Luís Cardoso*, Helder C.E. Cortes, Osnat Eyal, Antónia Reis, Ana Patrícia Lopes, Maria João Vila-Viçosa, Paula A. Rodrigues, Gad Baneth

*Corresponding author for this work

Research output: Contribution to journalArticlepeer-review

39 Scopus citations

Abstract

Background: Hepatozoon canis is a protozoan tick-borne pathogen of dogs and wild canids. Hepatozoon spp. have been reported to infect foxes in different continents and recent studies have mostly used the polymerase chain reaction (PCR) for the detection and characterization of the infecting species. Surveying red foxes (Vulpes vulpes) may contribute to better understanding the epidemiology of canine vector-borne diseases, including hepatozoonosis caused by H. canis in domestic dogs. The present study investigated the prevalence of Hepatozoon spp. by means of histopathology and molecular analysis of different tissues in red foxes from different parts of Portugal. Methods.
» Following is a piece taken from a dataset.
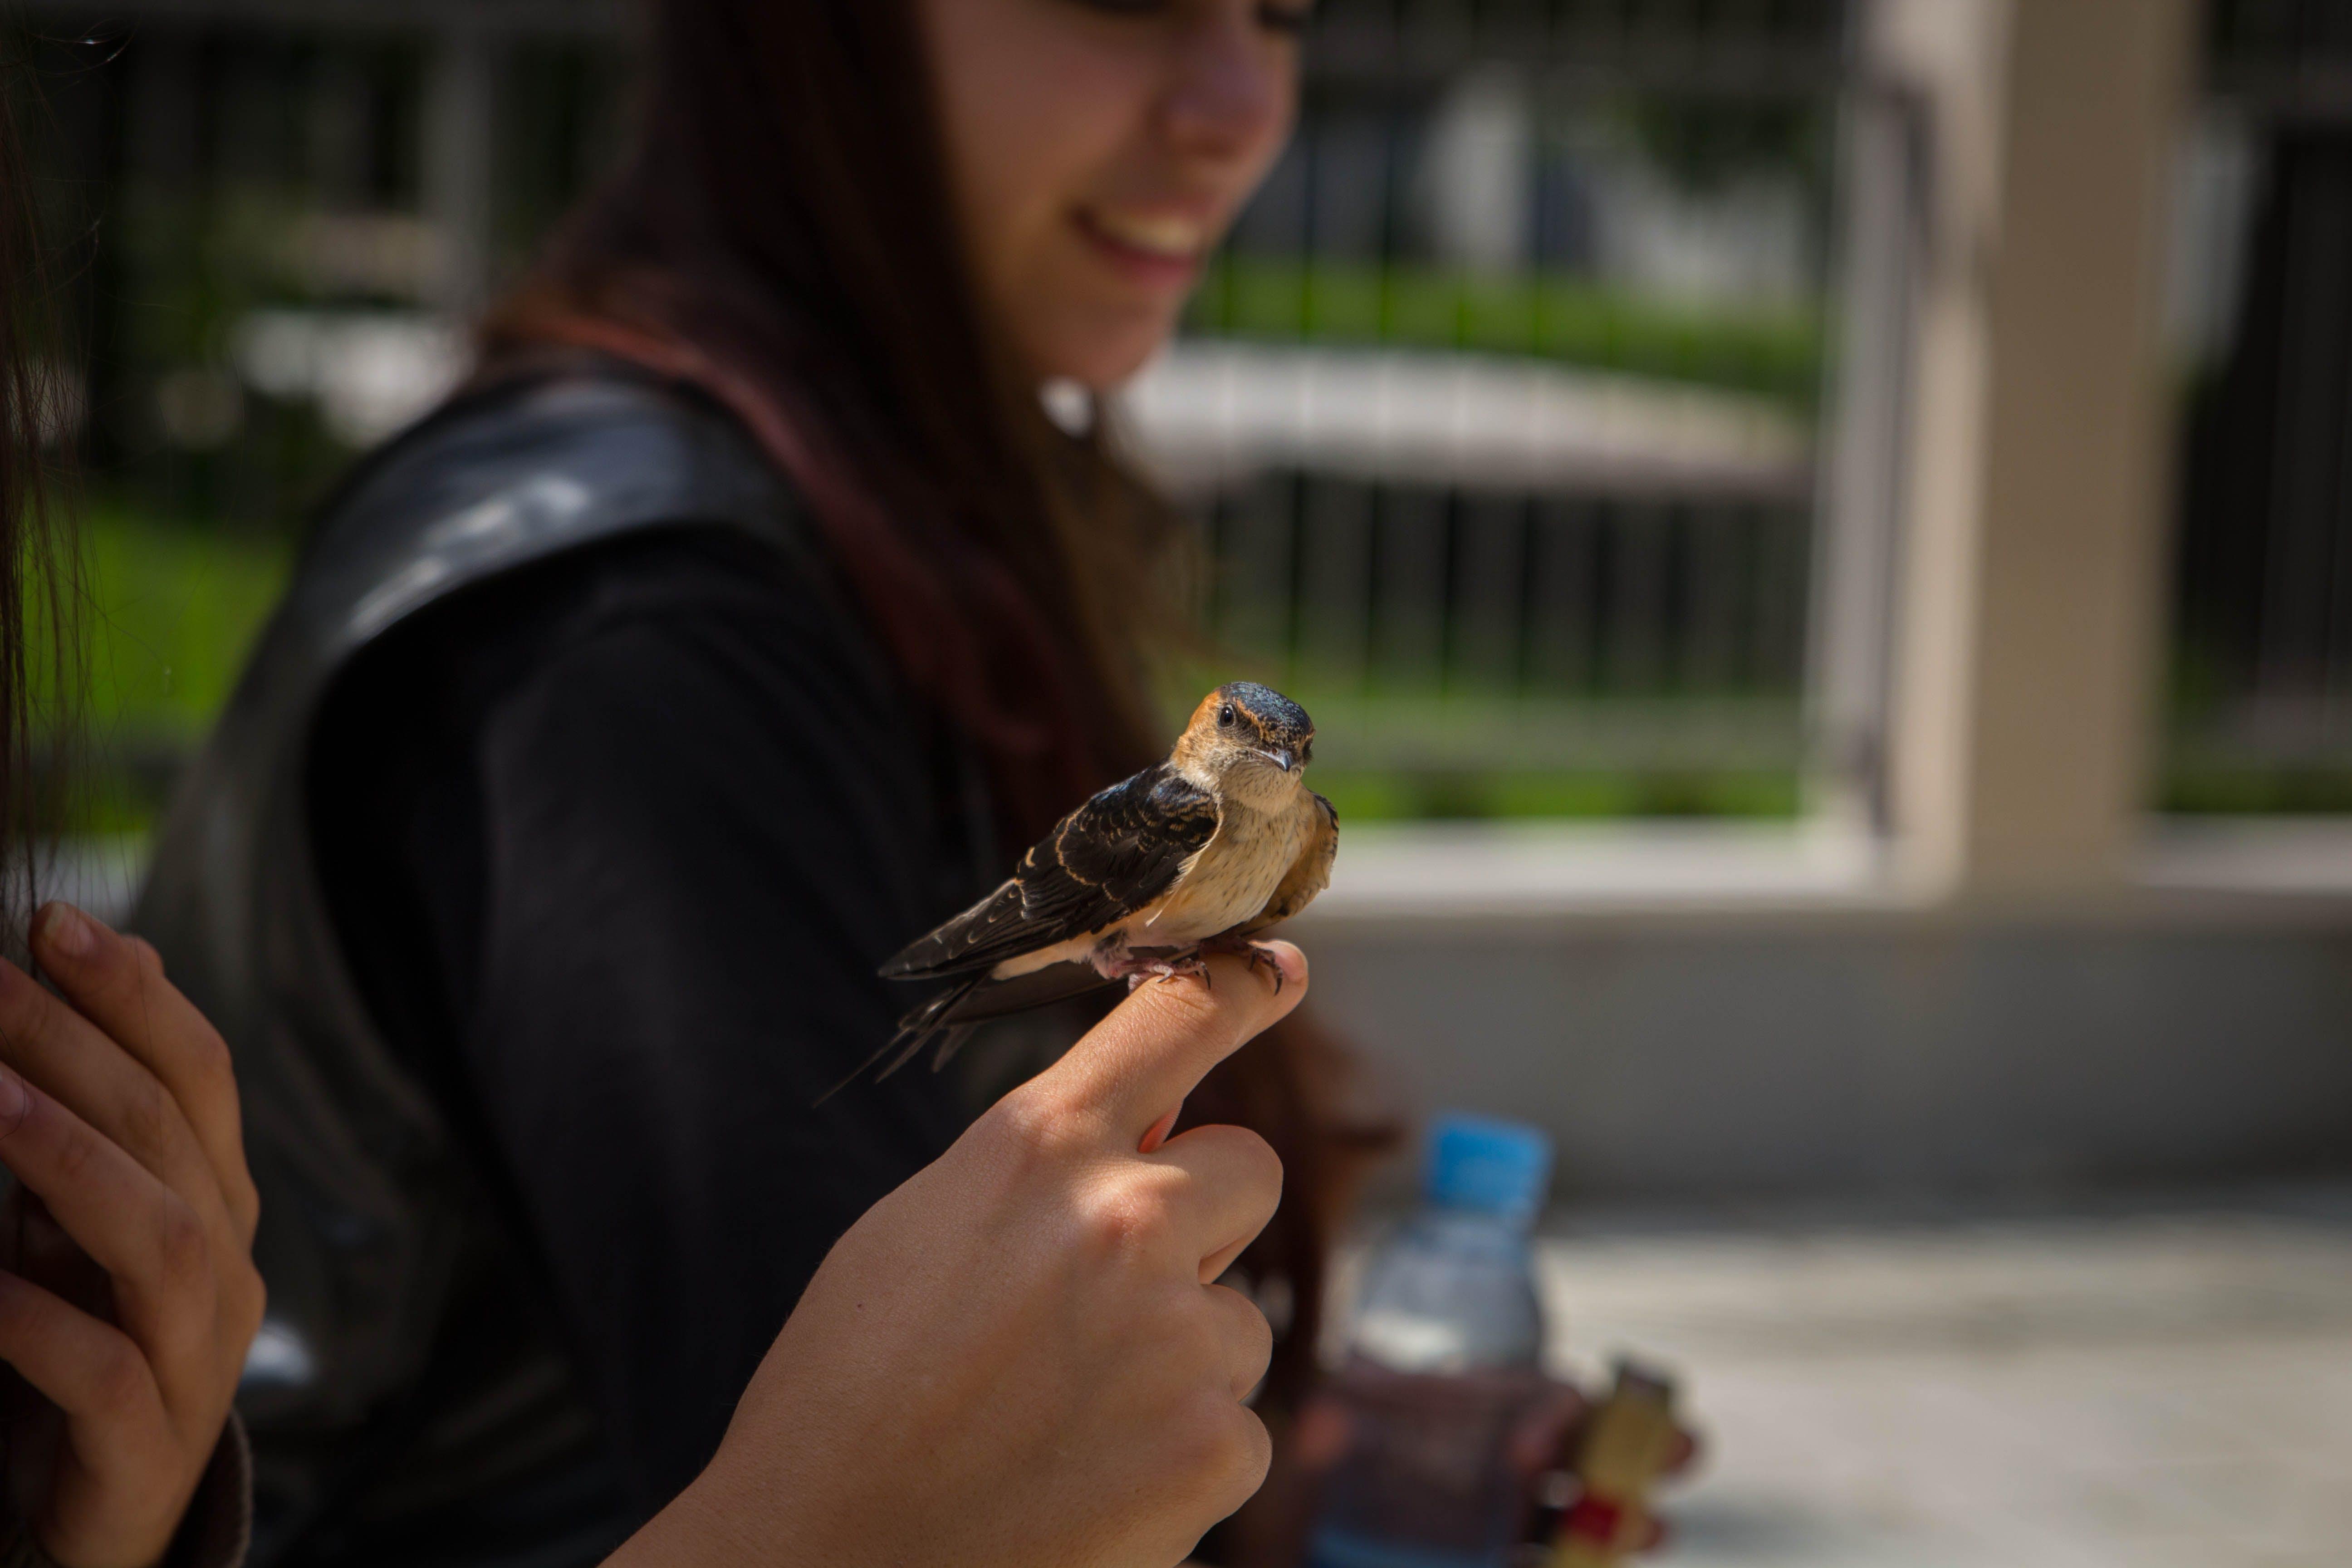 bird, blur, close-up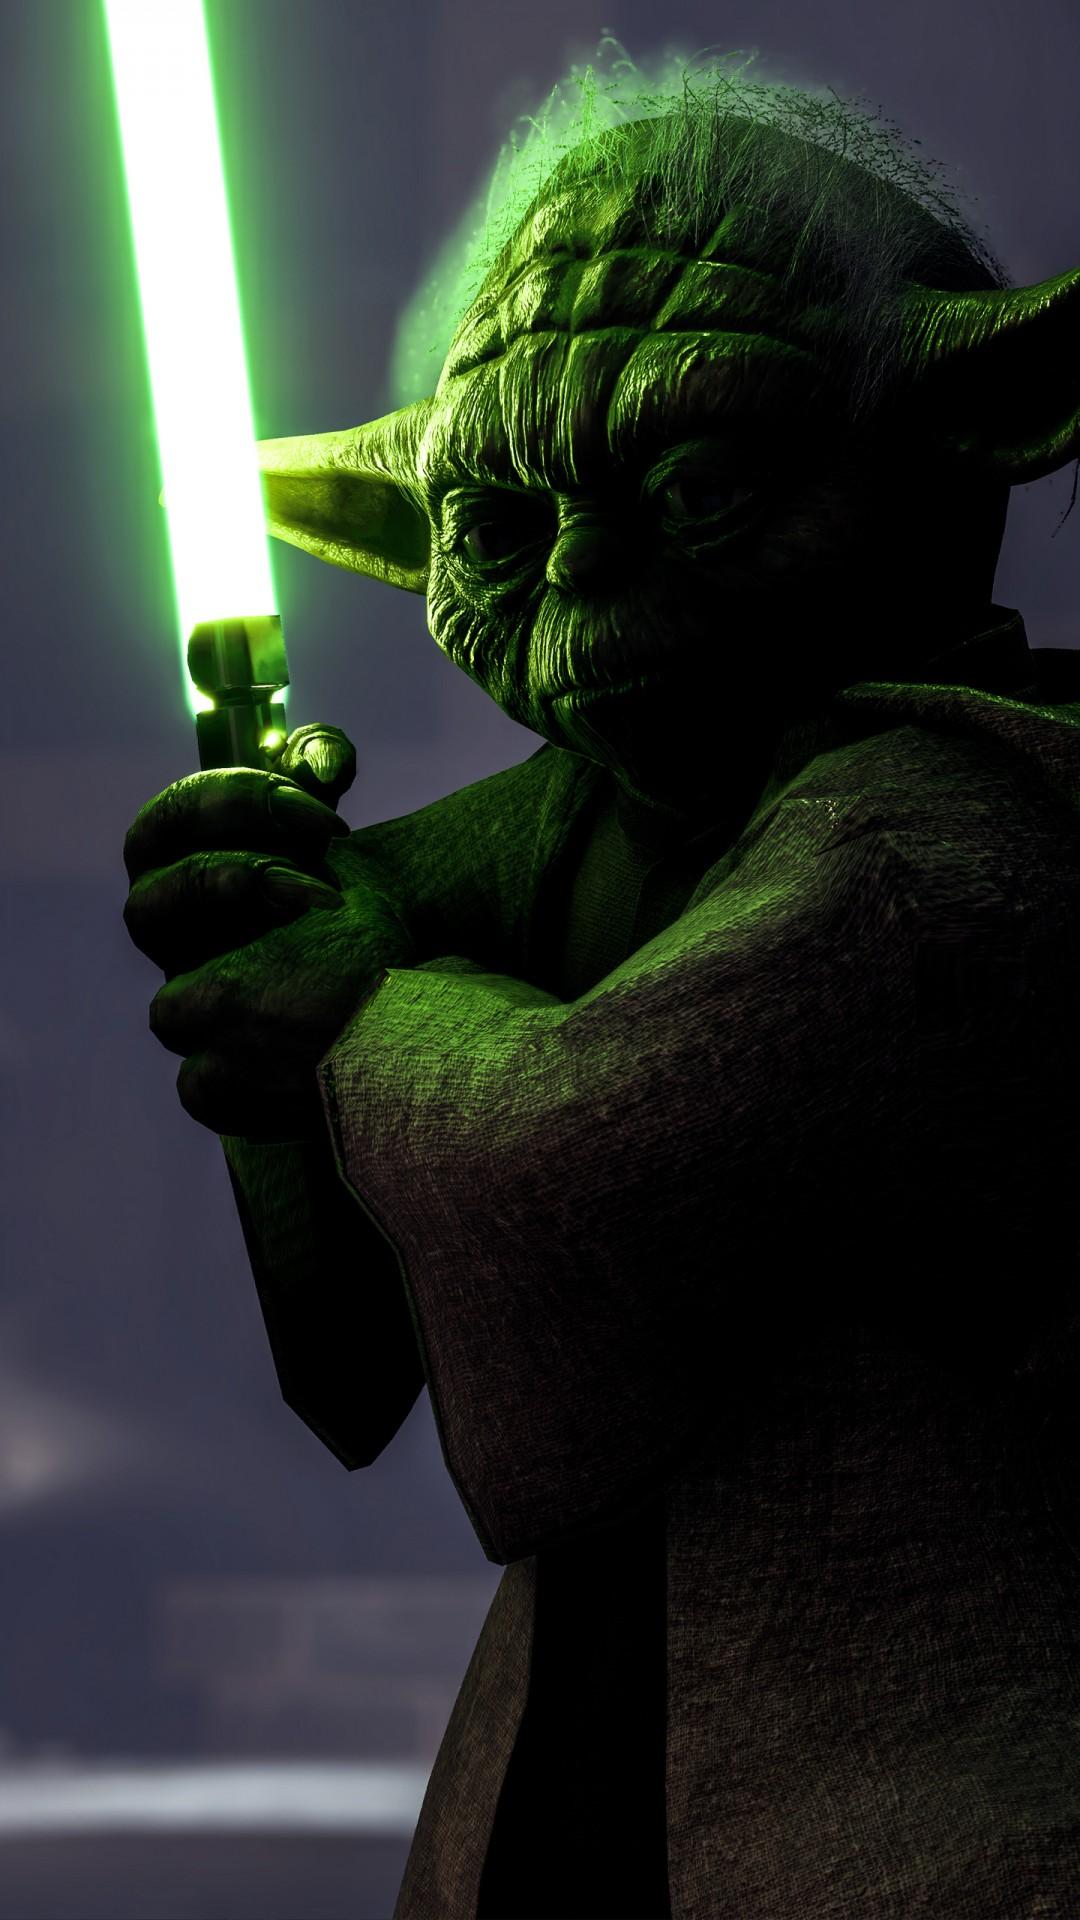 Iphone X Star Wars Wallpaper Yoda In Star Wars Battlefront 4k Wallpapers Hd

Blood and tissues including bone marrow, heart, hind leg muscle, jejunum, kidney, liver, lung, popliteal or axillary lymph nodes, spleen and/or tongue were collected from 91 red foxes from eight districts in northern, central and southern Portugal. Tissues were formalin-fixed, paraffin-embedded, cut and stained with hematoxylin and eosin. Polymerase chain reaction (PCR) amplified a ∼650 bp fragment of the 18S rRNA gene of Hepatozoon spp. and the DNA products were sequenced. Results: Hepatozoon canis was detected in 68 out of 90 foxes (75.6%) from all the sampled areas by PCR and sequencing. Histopathology revealed H. canis meronts similar in shape to those found in dogs in the bone marrow of 11 (23.4%) and in the spleen of two (4.3%) out of 47 foxes (p = 0.007). All the 11 foxes found positive by histopathology were also positive by PCR of bone marrow and/or blood. Positivity by PCR (83.0%) was significantly higher (p < 0.001) than by histopathological examination (23.4%) in paired bone marrow samples from the same 47 foxes. Sequences of the 18S rRNA gene of H. canis were 98-99% identical to those in GenBank. Conclusions: Hepatozoon canis was found to be highly prevalent in red fox populations from northern, central and southern Portugal. Detection of the parasite by histopathology was significantly less sensitive than by PCR. Red foxes are a presumptive reservoir of H. canis infection for domestic dogs.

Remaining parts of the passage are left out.